The required answer is the run of lines from the one holding "Coloring page charming flute and jug" to the end of the data below, copied exactly and free of pictures.

*Dataset excerpt*
==*==

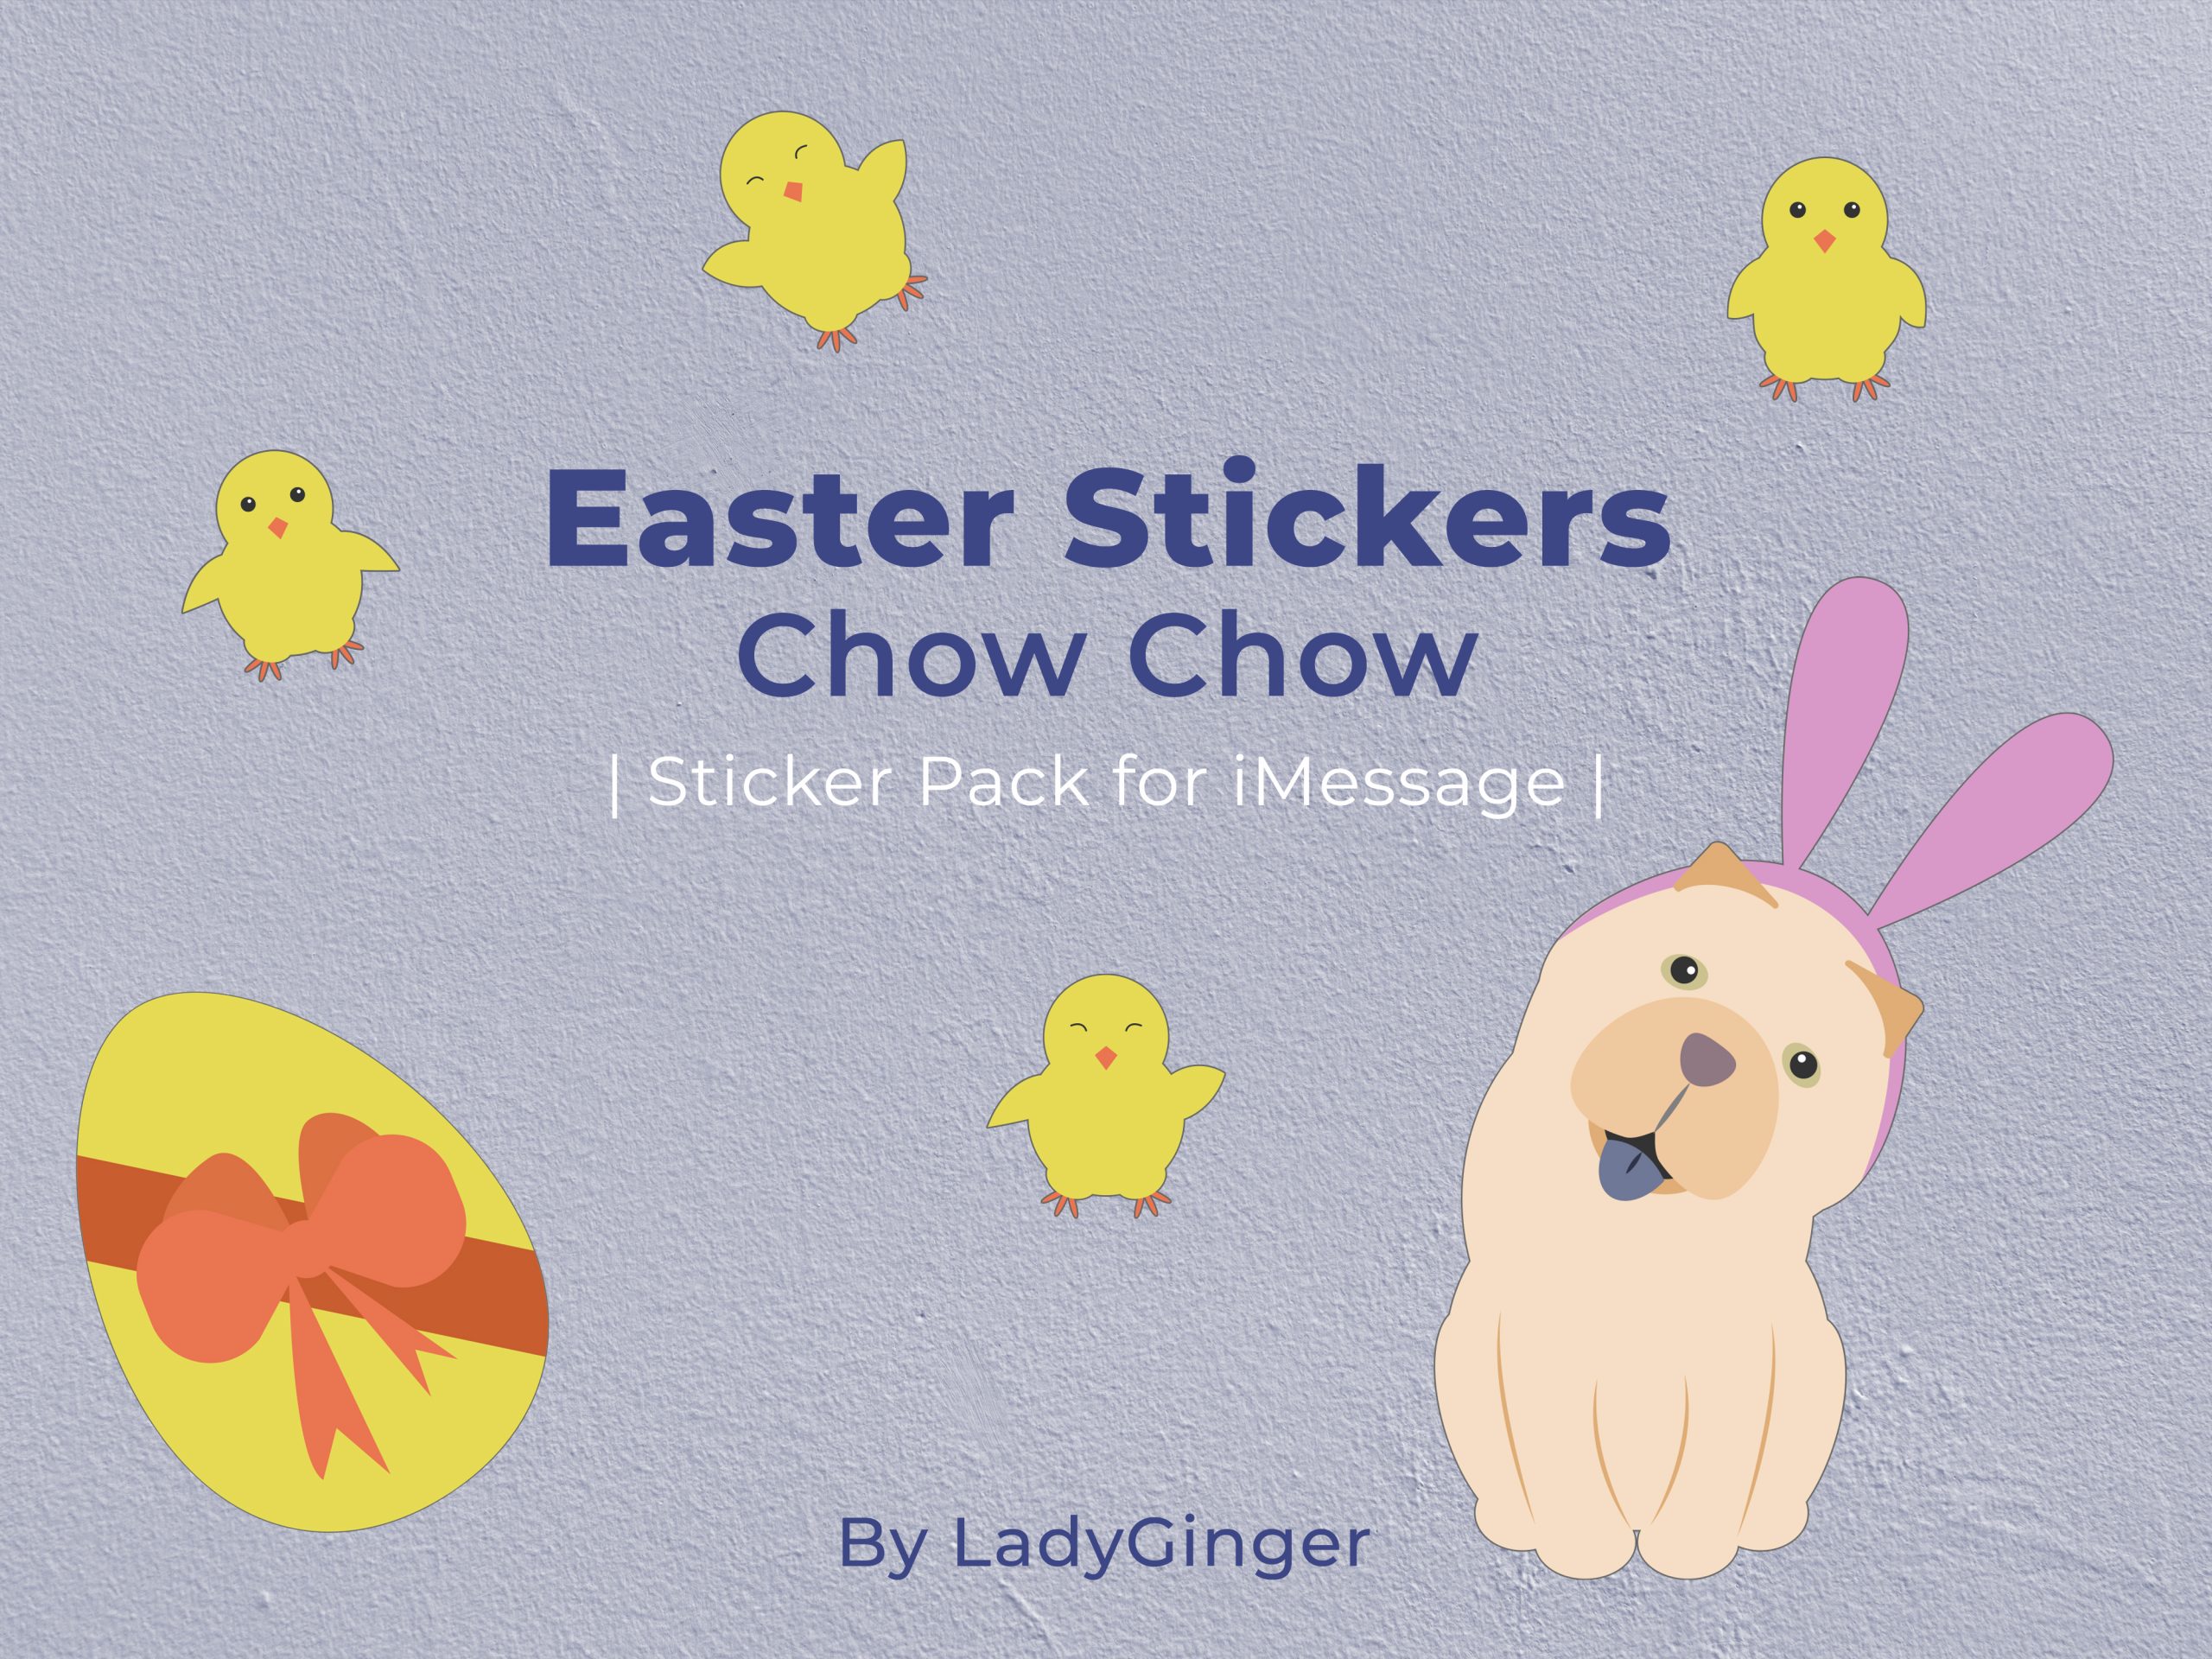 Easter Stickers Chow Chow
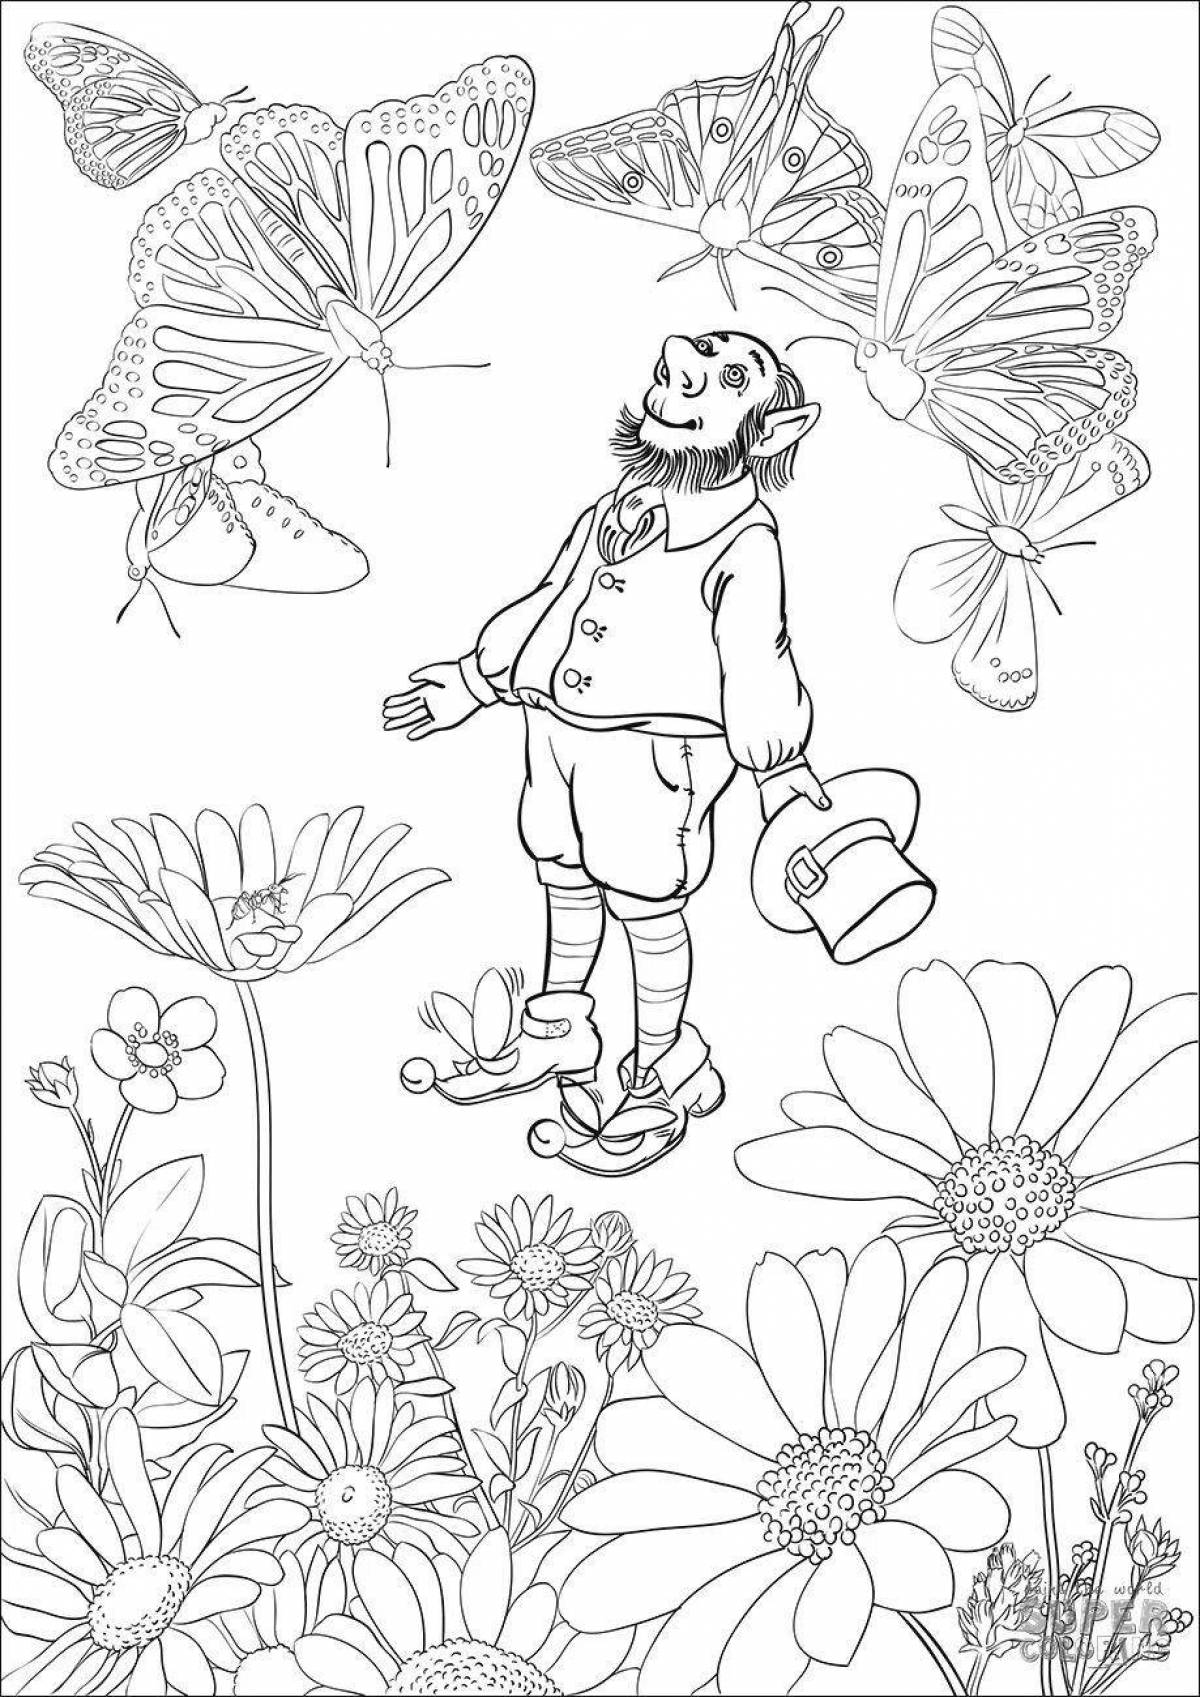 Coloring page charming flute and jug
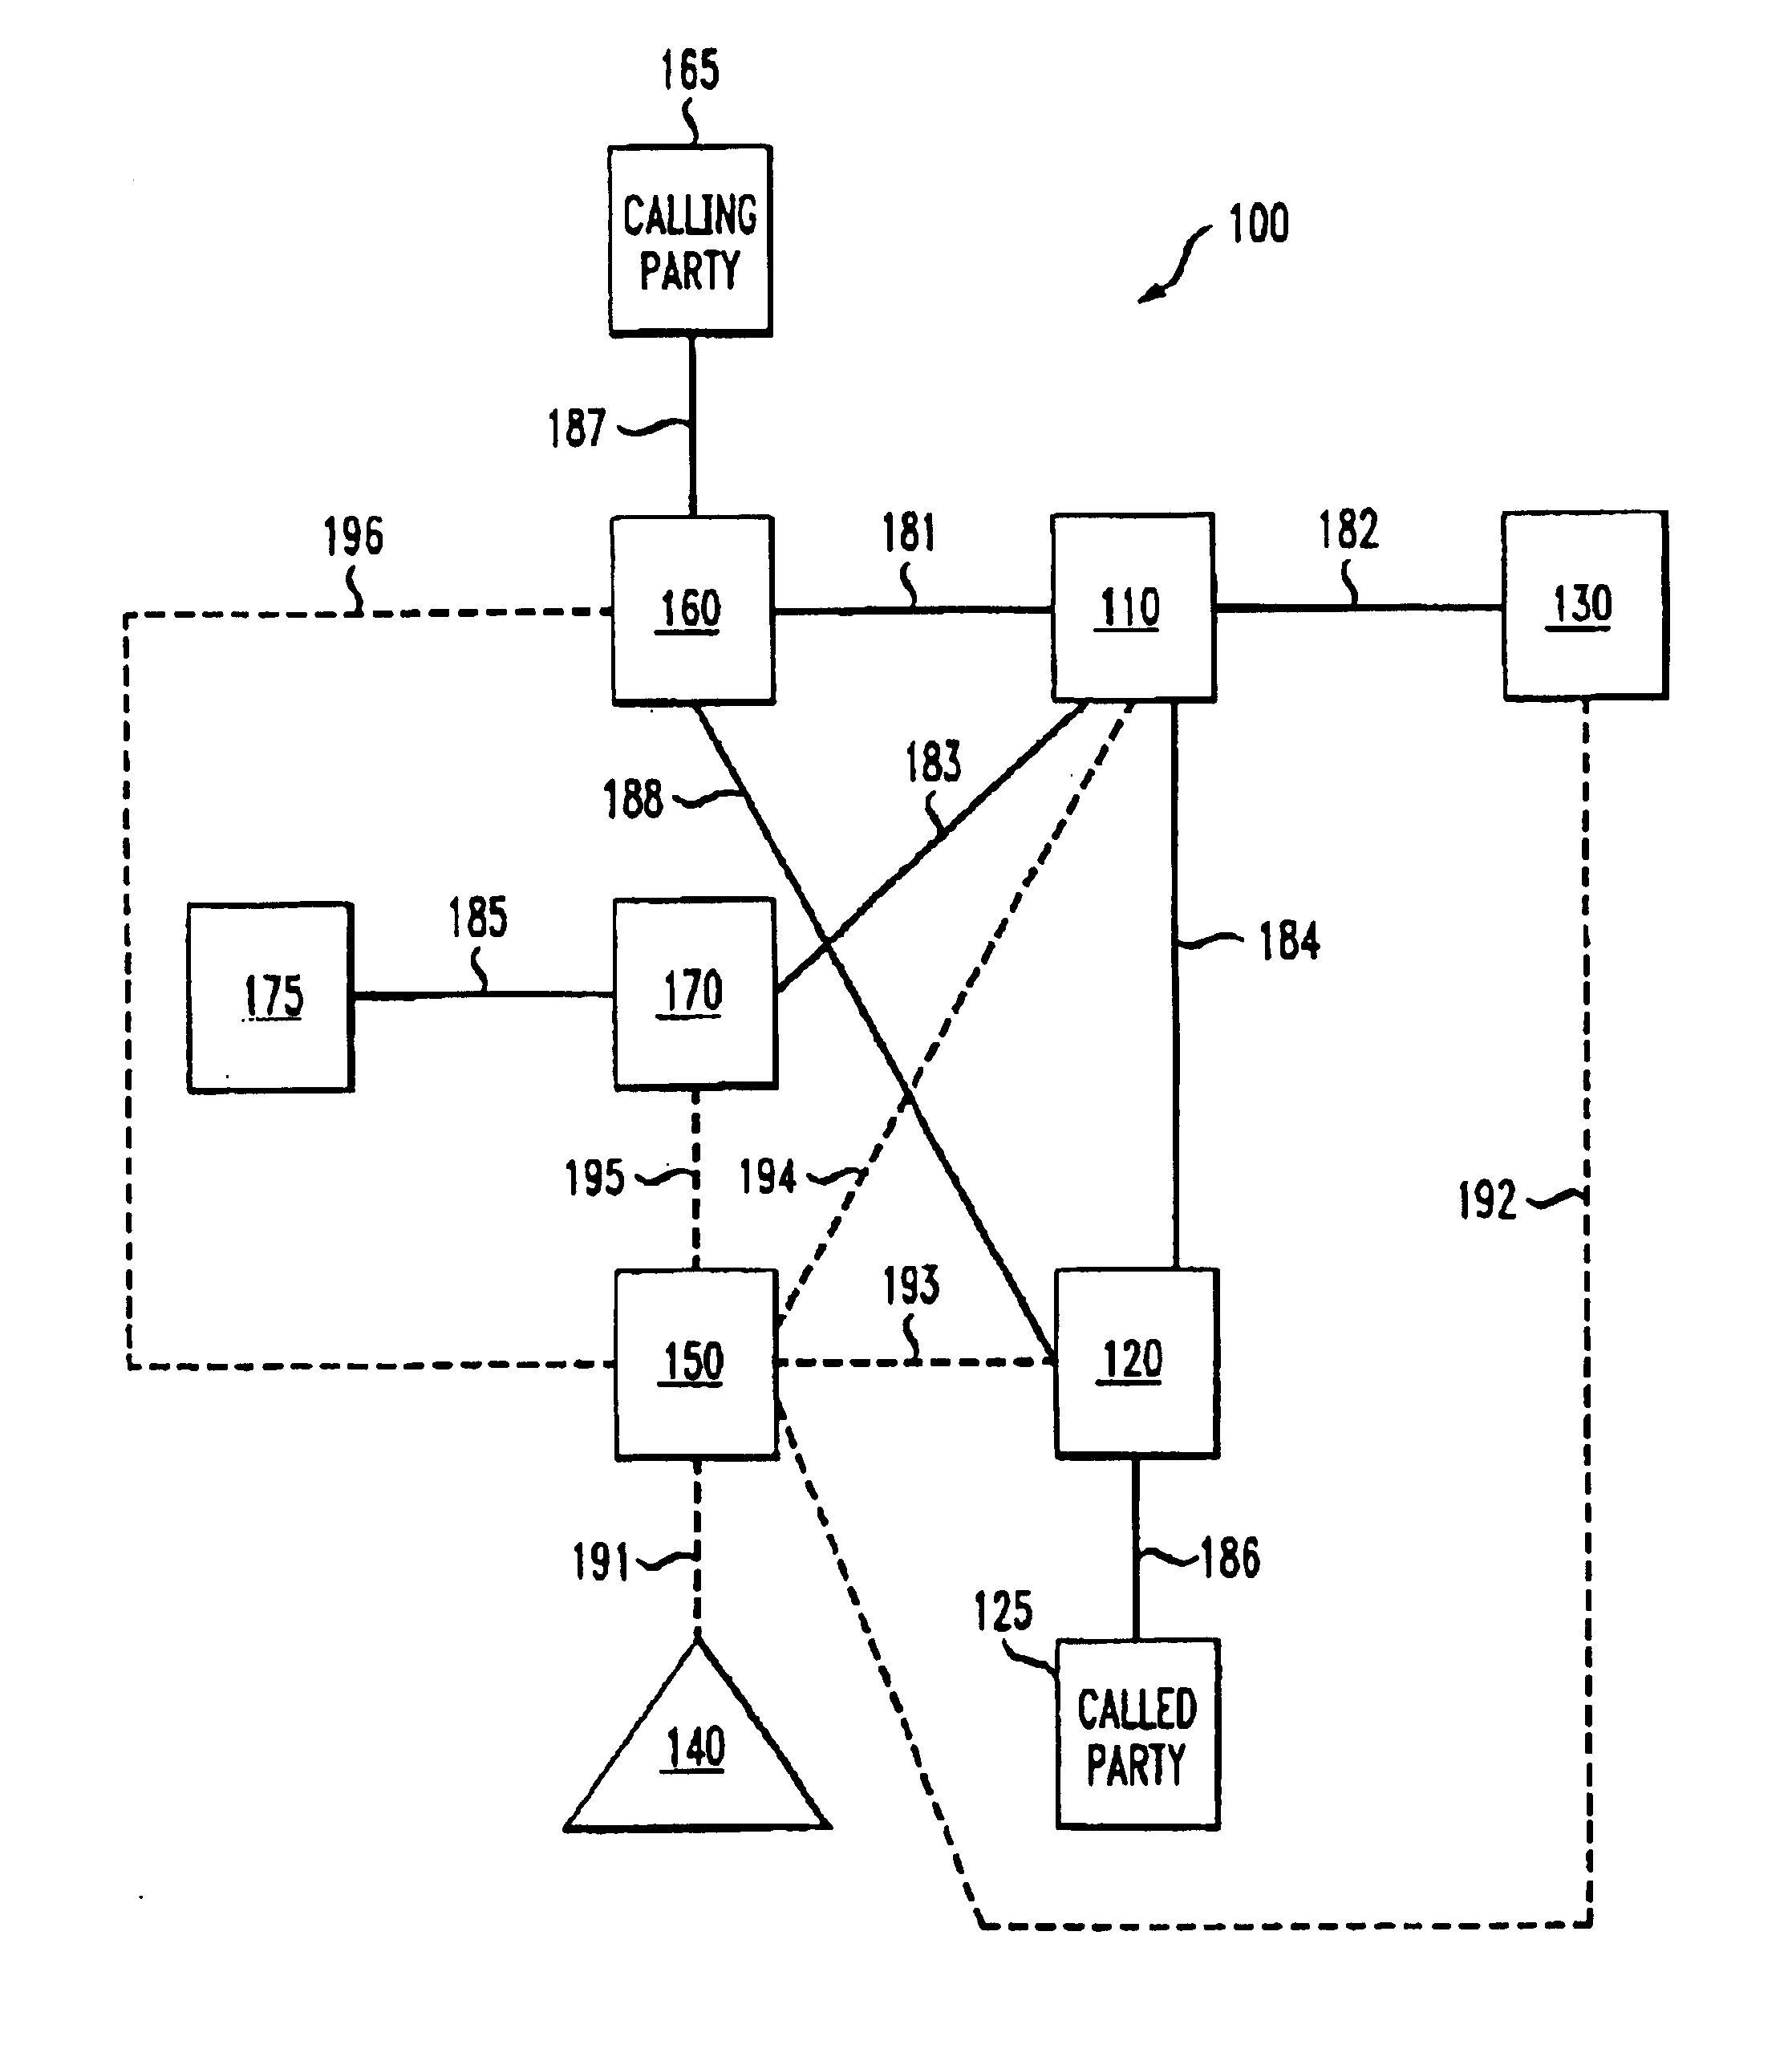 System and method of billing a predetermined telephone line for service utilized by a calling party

==*==

*Result*
 Coloring page charming flute and jug
 System and method of billing a predetermined telephone line for service utilized by a calling party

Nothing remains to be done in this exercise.